Masayoshi Son Net Worth Softbank market madness to fortune

Masayoshi Son Net Worth: $30 Billion

Shares in his SoftBank investment conglomerate plunged by $59 billion in the 2000 dot com crash, before which he was temporarily the richest person in the world.

Yet Son has since bounced back from this loss to rank as 57th wealthiest person in the world as of 17 November, according to Forbes, with a net worth of around $30 billion.

There could be a lesson there for other investors: however bad things may get, perseverance and self-belief can win out.

Son has been behind both massive successes and failures throughout his time at the helm of Softbank, which he founded in 1981 as a software distributor. After moving into other sectors such as telecommunications, the group has grown to oversee a portfolio of investments worth more than $180 billion.

Among his biggest successes, attributable to his willingness to make outsized bets on the future of relatively unknown businesses, have been Softbank’s investments in Chinese tech giant Alibaba in 1999 and US internet giant Yahoo!.
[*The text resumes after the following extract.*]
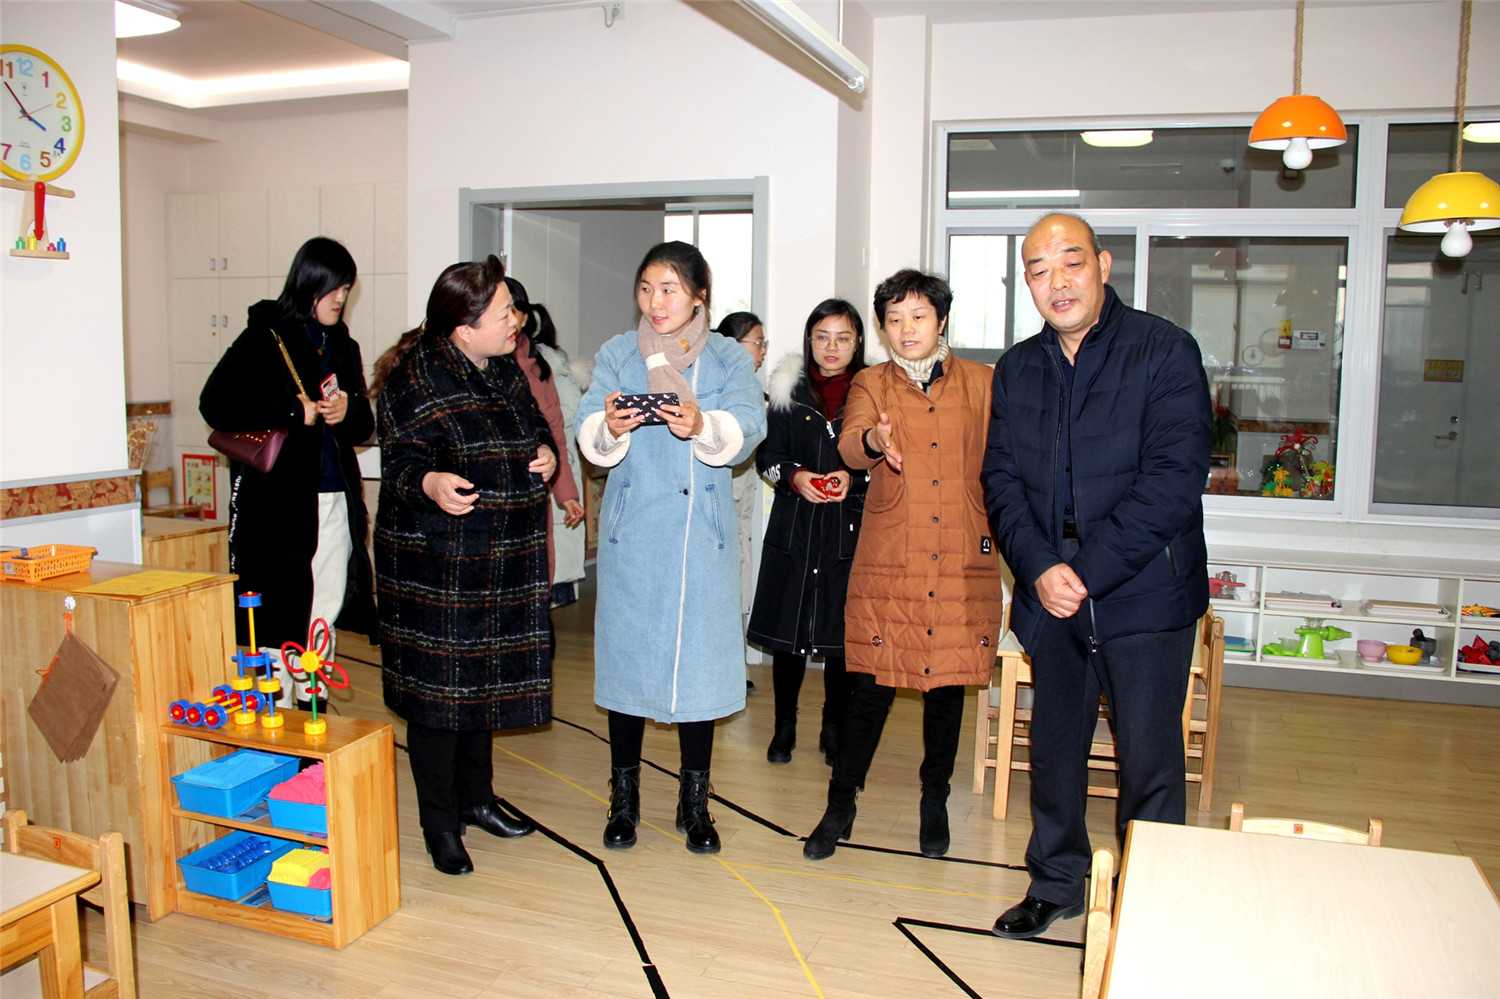 市特教中心教师走进淄博市实验幼儿园开展交流参观活动
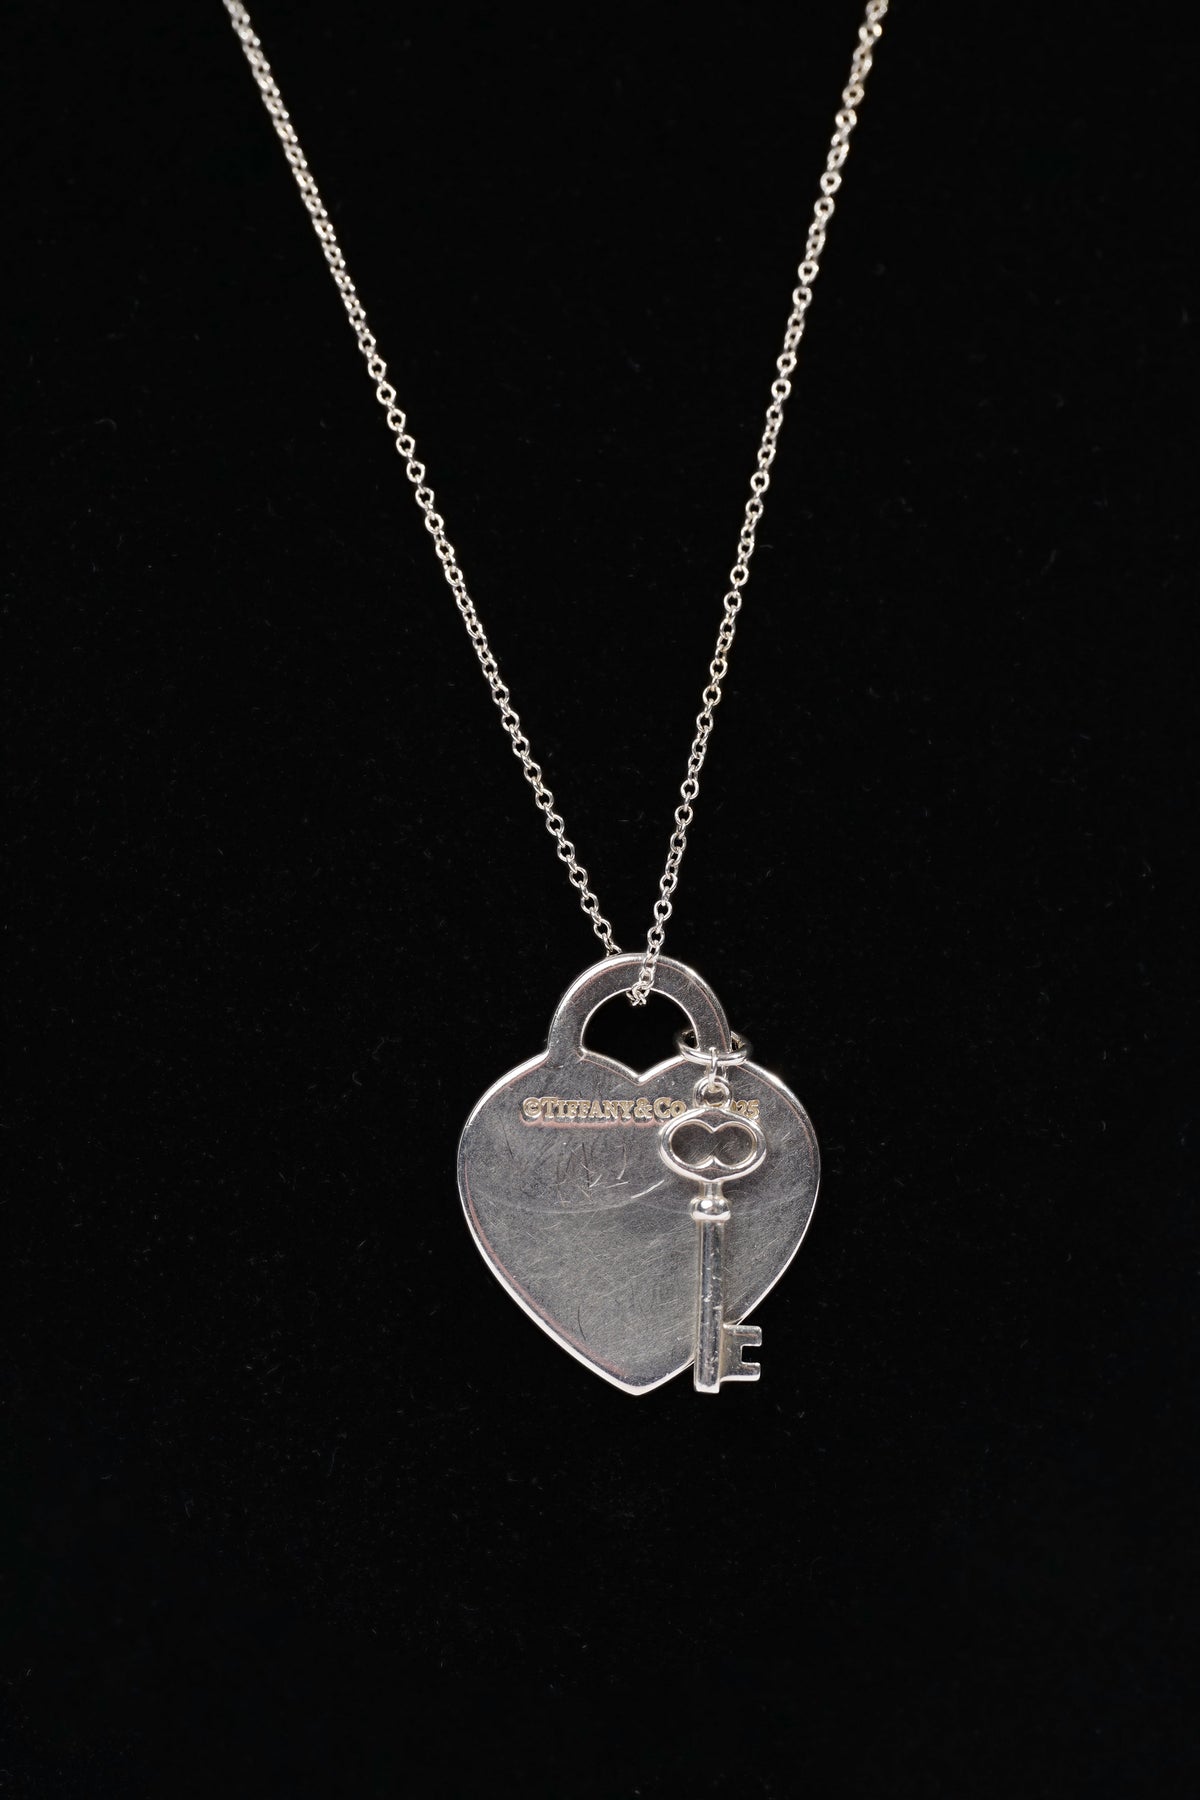 Tiffany & Co Heart Key Necklace

His biggest failures, probably attributable to the same approach, have included the group’s backing of Kingston Technology – in which Softbank bought an 80% stake which it sold for massive loss three years later. Other failures include coworking start-up WeWork, which filed for bankruptcy last year, and  Silicon Valley Bank, which collapsed in 2023.

In 2017 Softbank launched its venture capital Vision funds, which have attracted support of big name institutional investors, including Apple, Foxconn, the family office of billionaire Larry Ellison and Saudi Arabia’s sovereign wealth fund.

Son still holds a 29% stake in Softbank, which is listed on the Tokyo Stock Exchange and has a total market capitalisation of around $83 billion.

Despite the group reporting a $1.7 billion loss in the year ending March 2024, down from $7.3 billion the previous year, the group’s shares are still up 47% year to date, though down 22% from their July peak.